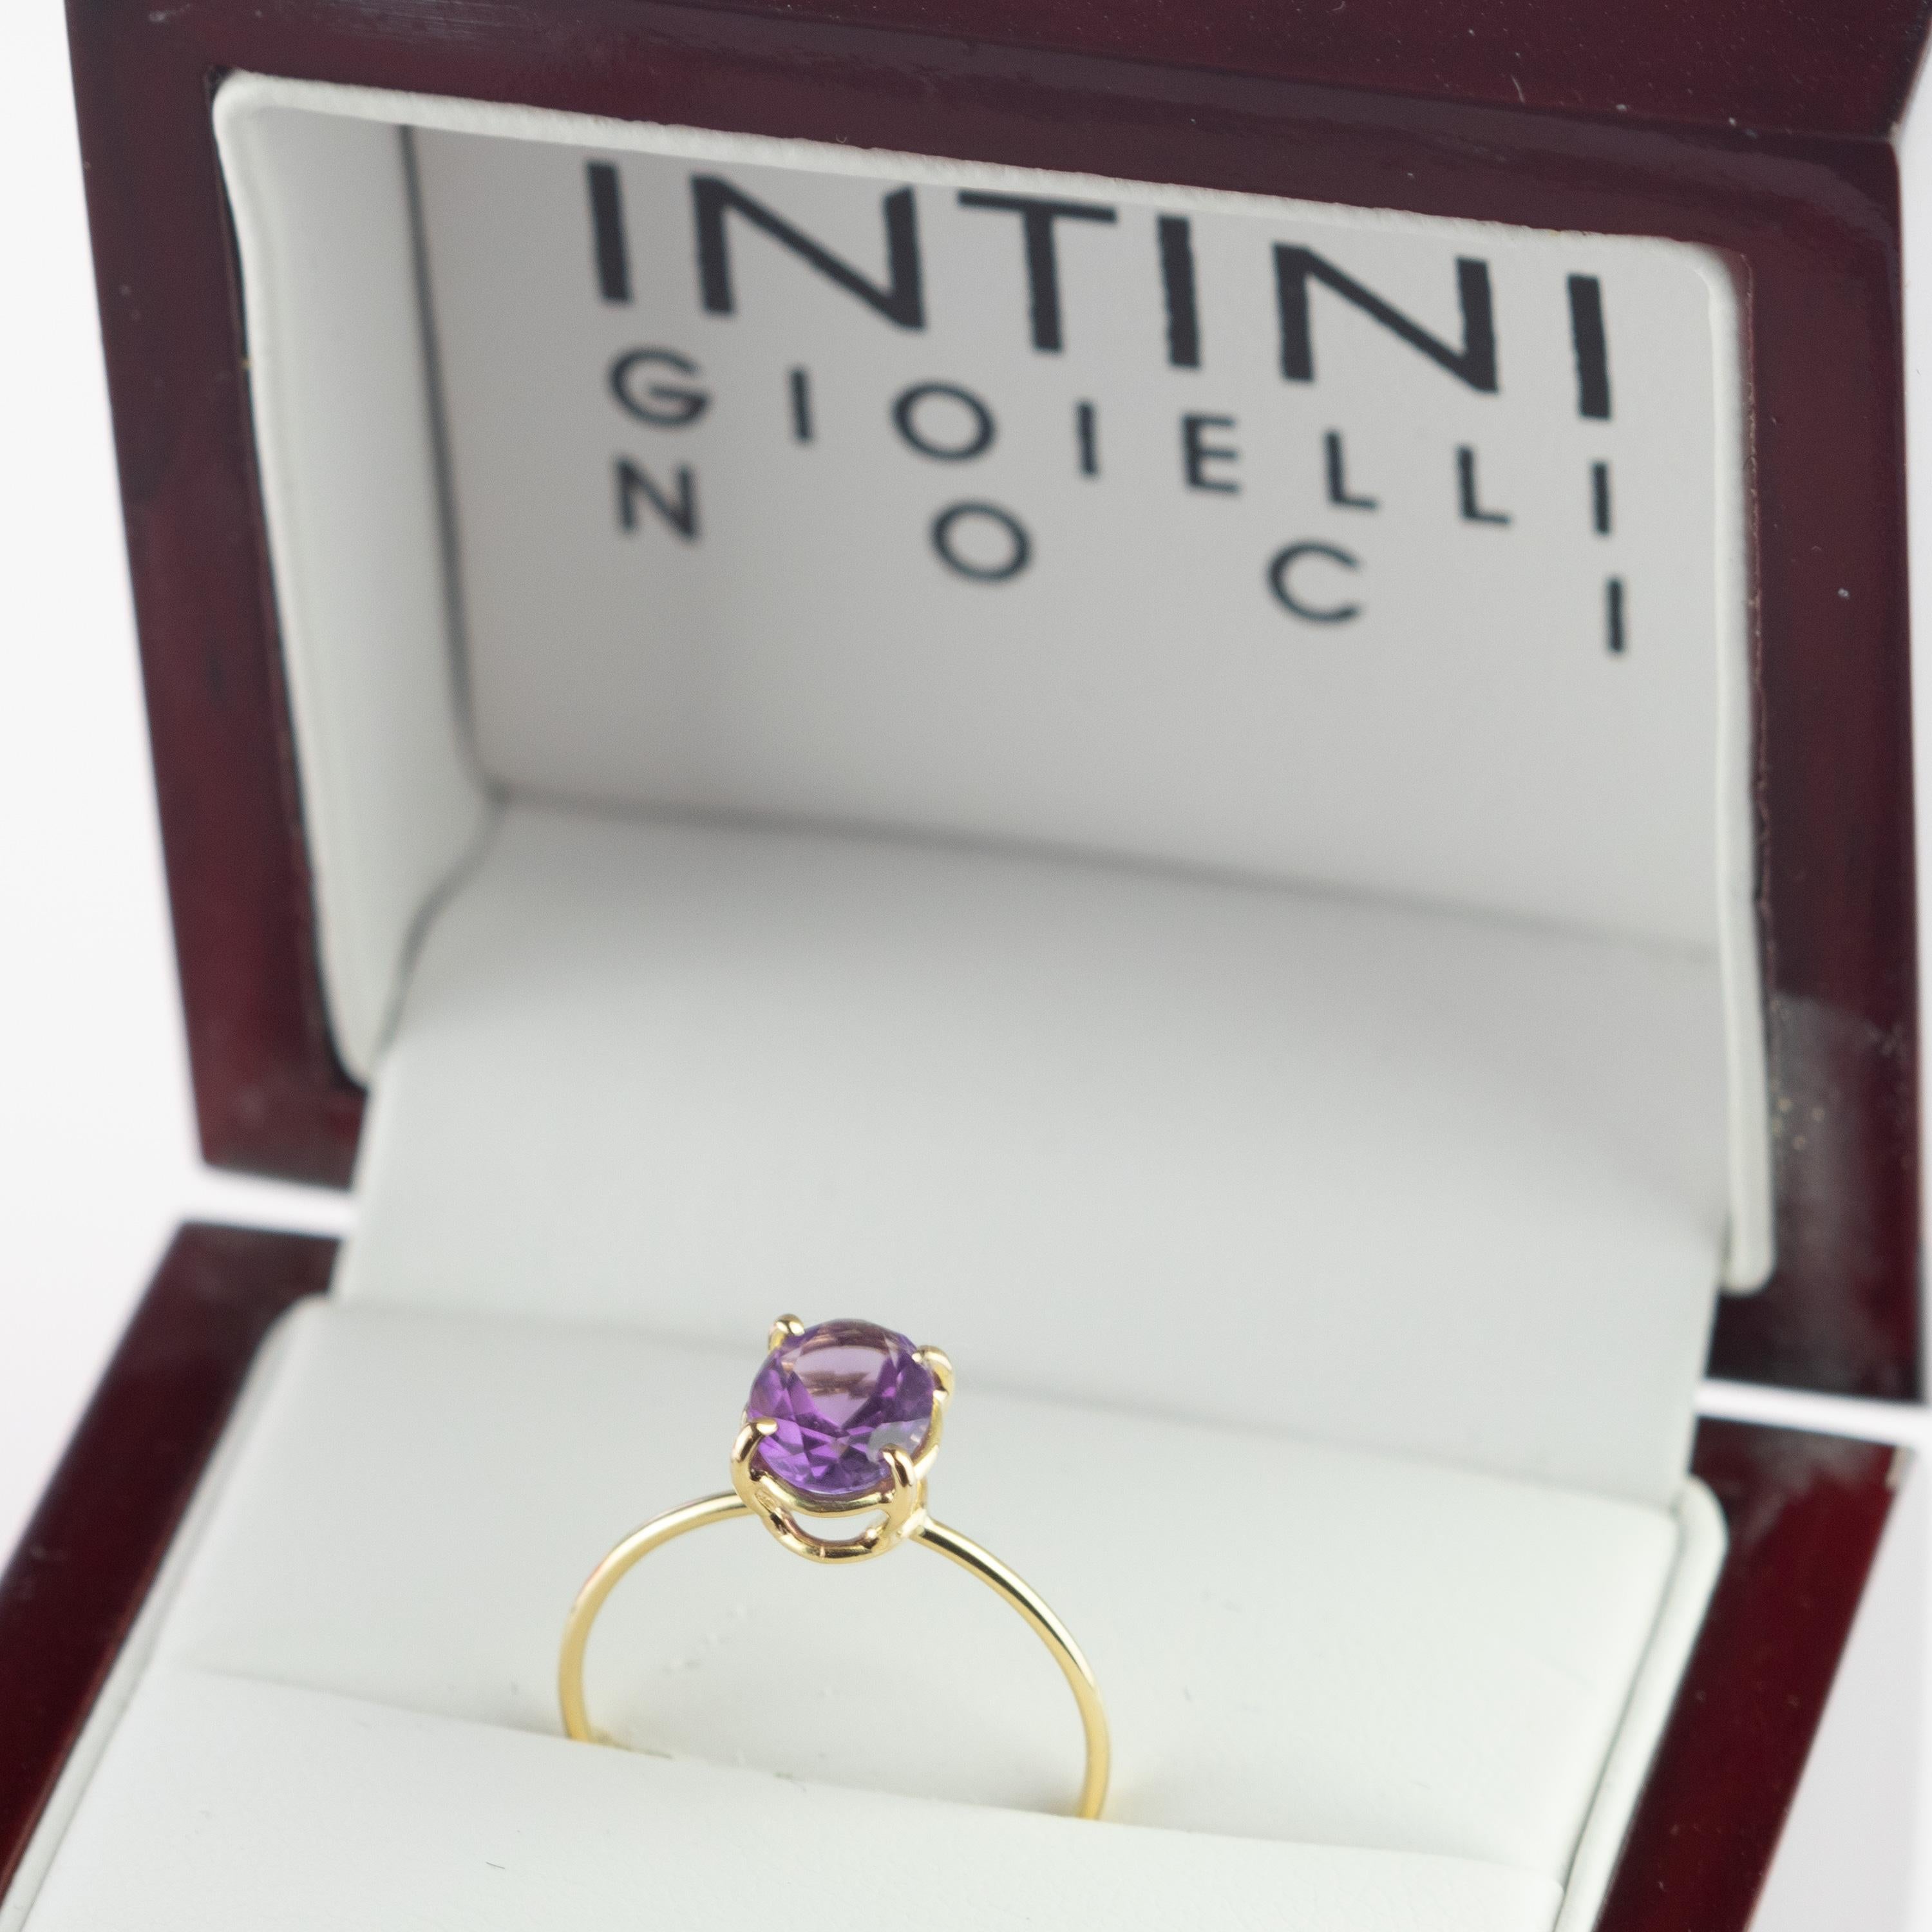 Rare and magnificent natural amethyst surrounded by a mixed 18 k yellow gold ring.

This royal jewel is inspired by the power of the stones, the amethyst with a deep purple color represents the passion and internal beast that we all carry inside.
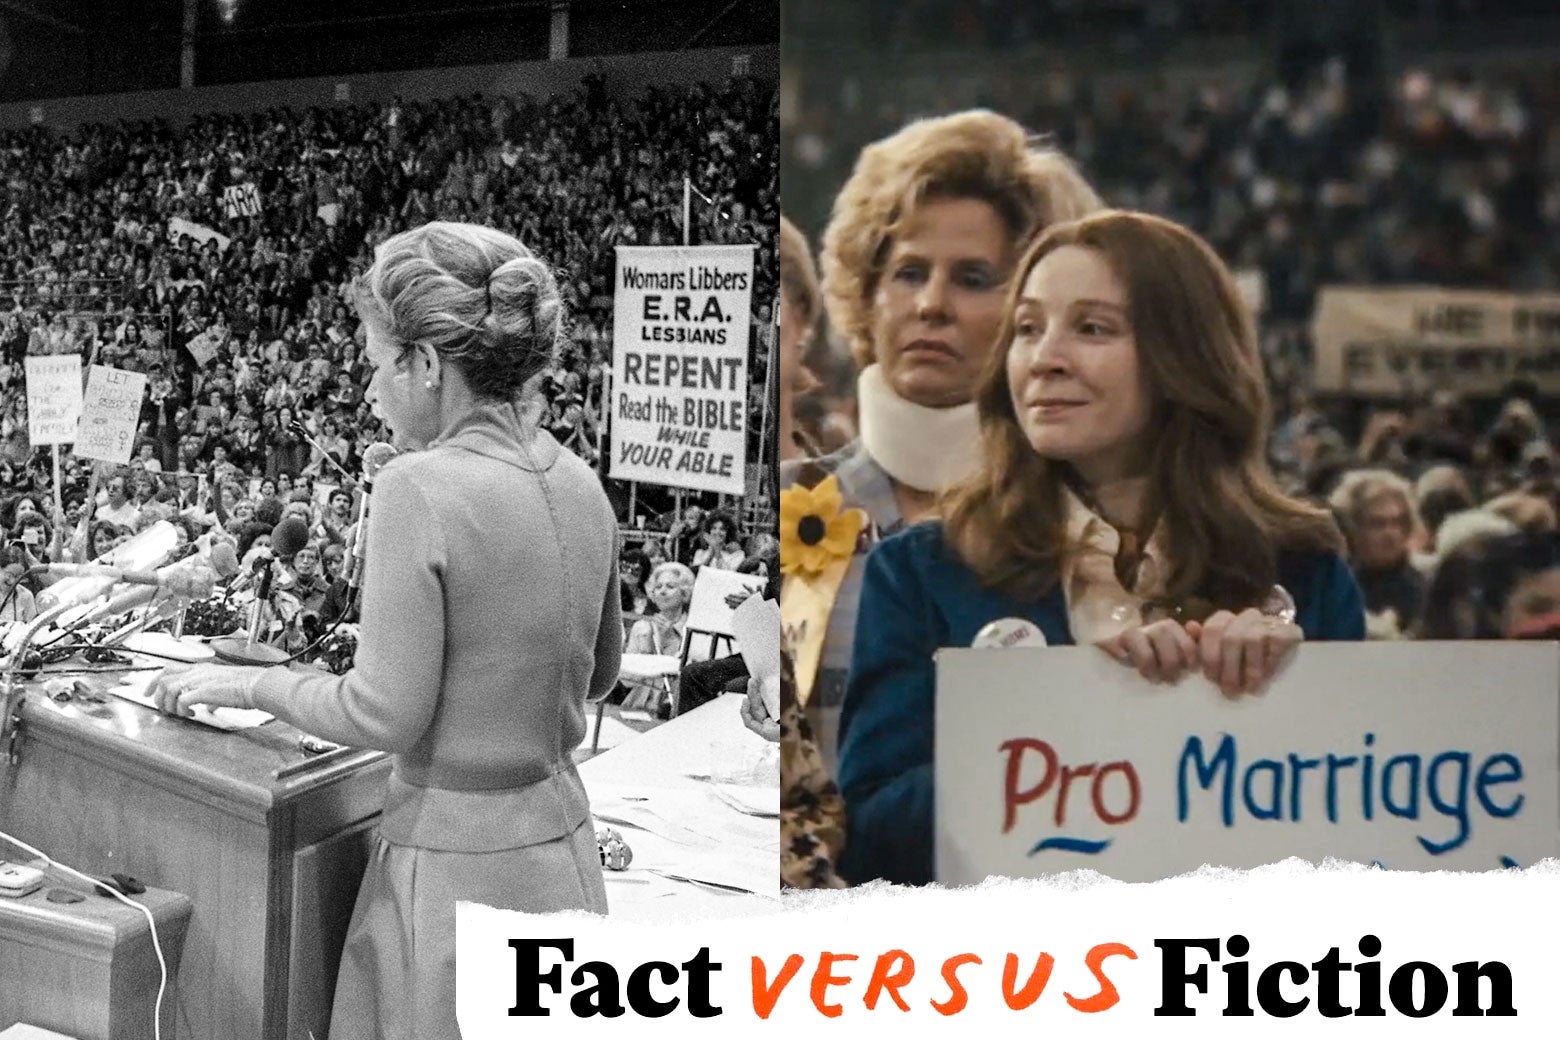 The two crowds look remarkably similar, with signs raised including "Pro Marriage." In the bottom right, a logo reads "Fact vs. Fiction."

Aim of the task:
Each line of the data above must be reproduced as written. Skip the pictures.

Answer to this exercise:
 Rare and magnificent natural amethyst surrounded by a mixed 18 k yellow gold ring.

This royal jewel is inspired by the power of the stones, the amethyst with a deep purple color represents the passion and internal beast that we all carry inside.
 The two crowds look remarkably similar, with signs raised including "Pro Marriage." In the bottom right, a logo reads "Fact vs. Fiction."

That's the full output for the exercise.